Biomolecular simulation trajectory/data analysis.
Other
137 stars 64 forks source link

autoimage does not image familiar when no box info in parm #171

Closed swails closed 8 years ago

swails commented 8 years ago

At least that's what I suspect. This is a reminder for myself to look at it more in-depth. Here's what I observed: I have a PDB file serving as my topology:

$ cpptraj -p 2igd_solvated.pdb -y 2igd_solvated.md2.nc 

CPPTRAJ: Trajectory Analysis. V16.00b
    ___  ___  ___  ___
     | \/ | \/ | \/ | 
    _|_/\_|_/\_|_/\_|_

| Date/time: 11/09/15 16:14:27
| Available memory: 5565.2 MB

    Reading '2igd_solvated.pdb' as PDB File
Warning: PDB line length is short (67 chars, expected 80).
    Determining bond info from distances.
Warning: 2igd_solvated.pdb: Determining default bond distances from element types.
    Reading '2igd_solvated.md2.nc' as Amber NetCDF
Warning: Trajectory box type is 'Non-orthogonal' but topology box type is 'None'.
Warning: Setting topology box information from trajectory.
    Loading previous history from log 'cpptraj.log'
> list

INPUT TRAJECTORIES:
 0: '2igd_solvated.md2.nc' is a NetCDF AMBER trajectory, Parm 2igd_solvated.pdb (Non-orthogonal box) (reading 506 of 506)
  Coordinate processing will occur on 506 frames.

PARAMETER FILES:
 0: 2igd_solvated.pdb, 21180 atoms, 6840 res, box: Non-orthogonal, 6780 mol, 6737 solvent

DATASETS:
  1 data set:
    2igd_solvated.pdb "2igd_solvated.pdb" (topology), size is 21180 2igd_solvated.pdb, 21180 atoms, 6840 res, box: Non-orthogonal, 6780 mol, 6737 solvent
>          

Not sure why it says box type is None for topology in warning, but Non-orthogonal when queried via list. Also, if I use autoimage and trajout the result, I get the triclinic imaging rather than truncated octahedron which indicates "familiar" is turned off.

I can investigate further if need be, but I suspect that "familiar" should get set from a trajectory unit cell rather than a topology one (or, rather, the unit cell shape from the reference structure rather than the topology). Of course, I can turn familiar on by hand so this is a low-priority thing as the workaround is trivial.

drroe commented 8 years ago

This is strange; recent updates to cpptraj have made it so that box info in the Topology class is almost never used (it's only needed for Amber ASCII trajectories without angles and for writing BOX_DIMENSIONS to Amber topology files). The real problem here is this:

0: '2igd_solvated.md2.nc' is a NetCDF AMBER trajectory, Parm 2igd_solvated.pdb (Non-orthogonal box) (reading 506 of 506)
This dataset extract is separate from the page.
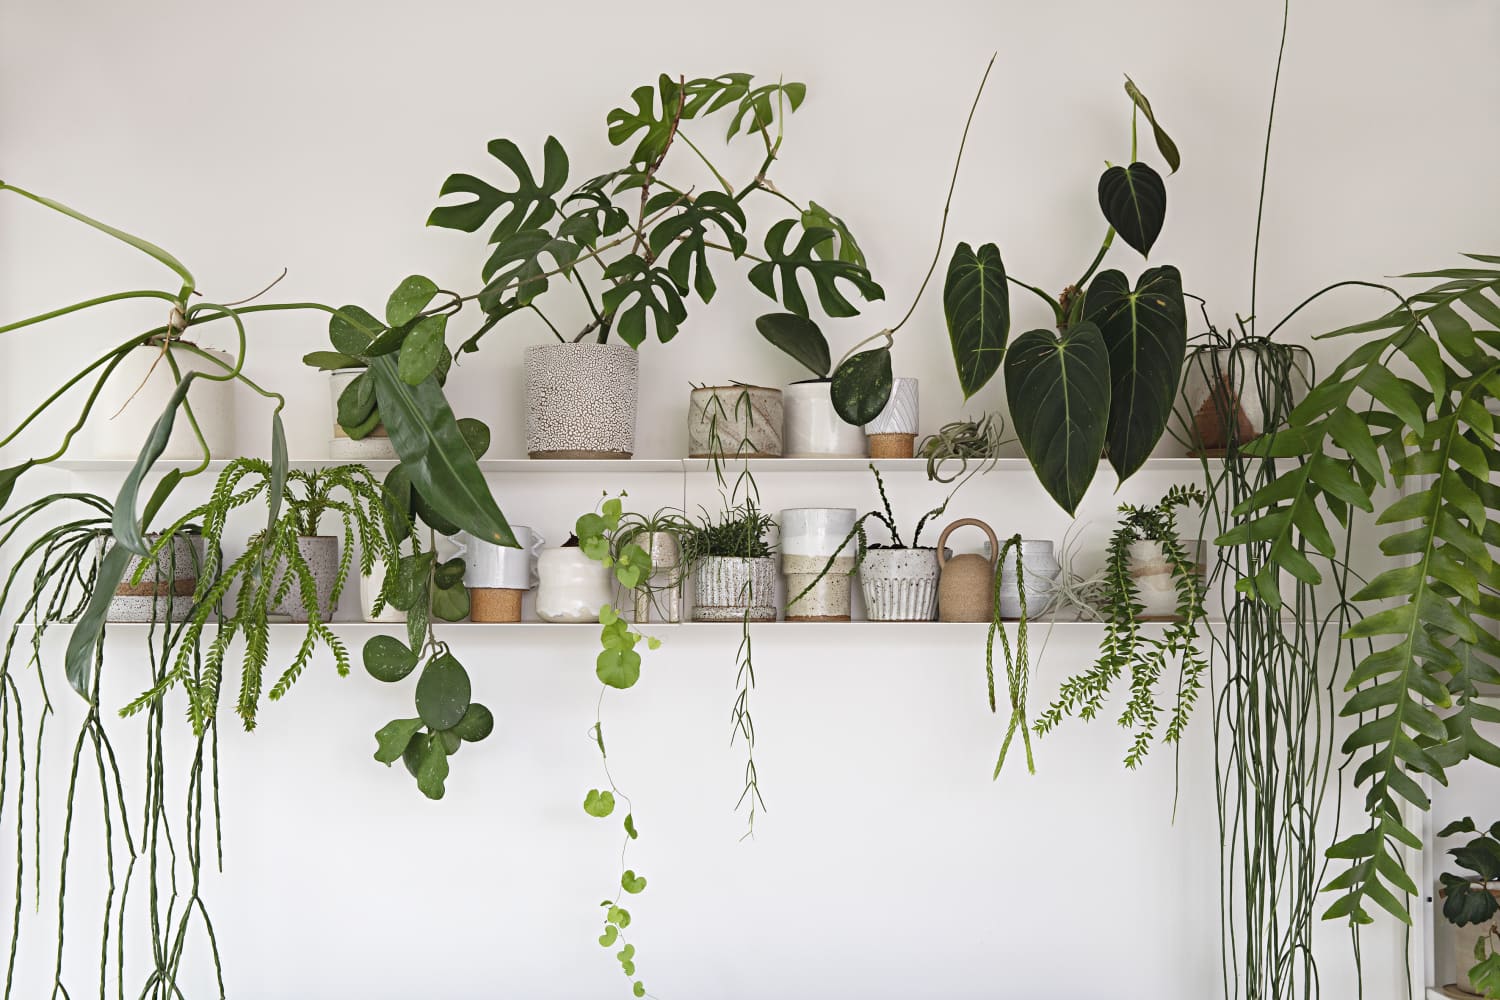 Your New Favorite Small-Space DIY Plant Display Is Already in Your Shower

For some reason the box is not being detected as a truncated octahedron. I did a quick test to make sure truncated octahedron box detection is working OK when using a PDB as a topology and it seems fine (converted tz2.truncoct.parm7 and first frame of tz2.truncoct.nc from the test/ subdirectory to PDB and then used that with the NetCDF trajectory):

> list

INPUT TRAJECTORIES:
 0: 'tz2.truncoct.nc' is a NetCDF AMBER trajectory, Parm temp.pdb (Trunc. Oct. box) (reading 10 of 10)
  Coordinate processing will occur on 10 frames.

PARAMETER FILES:
 0: temp.pdb, 5827 atoms, 1882 res, box: Trunc. Oct., 1870 mol, 1869 solvent

What is the output of ncdump -v cell_angles 2igd_solvated.md2.nc? It should be something like:

 cell_angles =
  109.471219, 109.471219, 109.471219,
  109.471219, 109.471219, 109.471219,

etc

swails commented 8 years ago

This is what I get:

 cell_angles =
  109.47, 109.47, 109.47,
  109.47, 109.47, 109.47,
  109.47, 109.47, 109.47,
  109.47, 109.47, 109.47,

The reason it's truncated is because the angles were taken from a PDB file (which has 7.2F precision). I knew why cpptraj did not recognize the box as trunc. oct., and there's nothing wrong with that, but I was under the impression that familiar was turned on automatically for any non-orthogonal cell (rather than just for truncated octahedron). Am I wrong there?

drroe commented 8 years ago

Since truncated octahedron is a specific kind of a non-orthogonal cell, 'familiar' in autoimage is only automatically turned on for that, and for every other non-orthogonal cell you just do the general triclinic imaging. The intent of the automatic 'familiar' is just to preserve the look of the input coordinates (so if it comes in looking trunc. oct. it gets written out trunc. oct.).

This seems to just be a case of the truncated octahedron detection in Box.h perhaps not being "flexible" enough. Right now it's very simple:

static inline bool IsTruncOct(double angle) {
  if (angle > 109.47 && angle < 109.48) return true;
  return false;
}

Maybe this should be changed so the boundaries are TRUNCOCTBETA +/- some constant (like 0.002) or change the > to >= (even though using floating point equivalence is frowned upon).

drroe commented 8 years ago

or change the > to >= (even though using floating point equivalence is frowned upon).

Or maybe just change > 109.47 to > 109.469999 or something...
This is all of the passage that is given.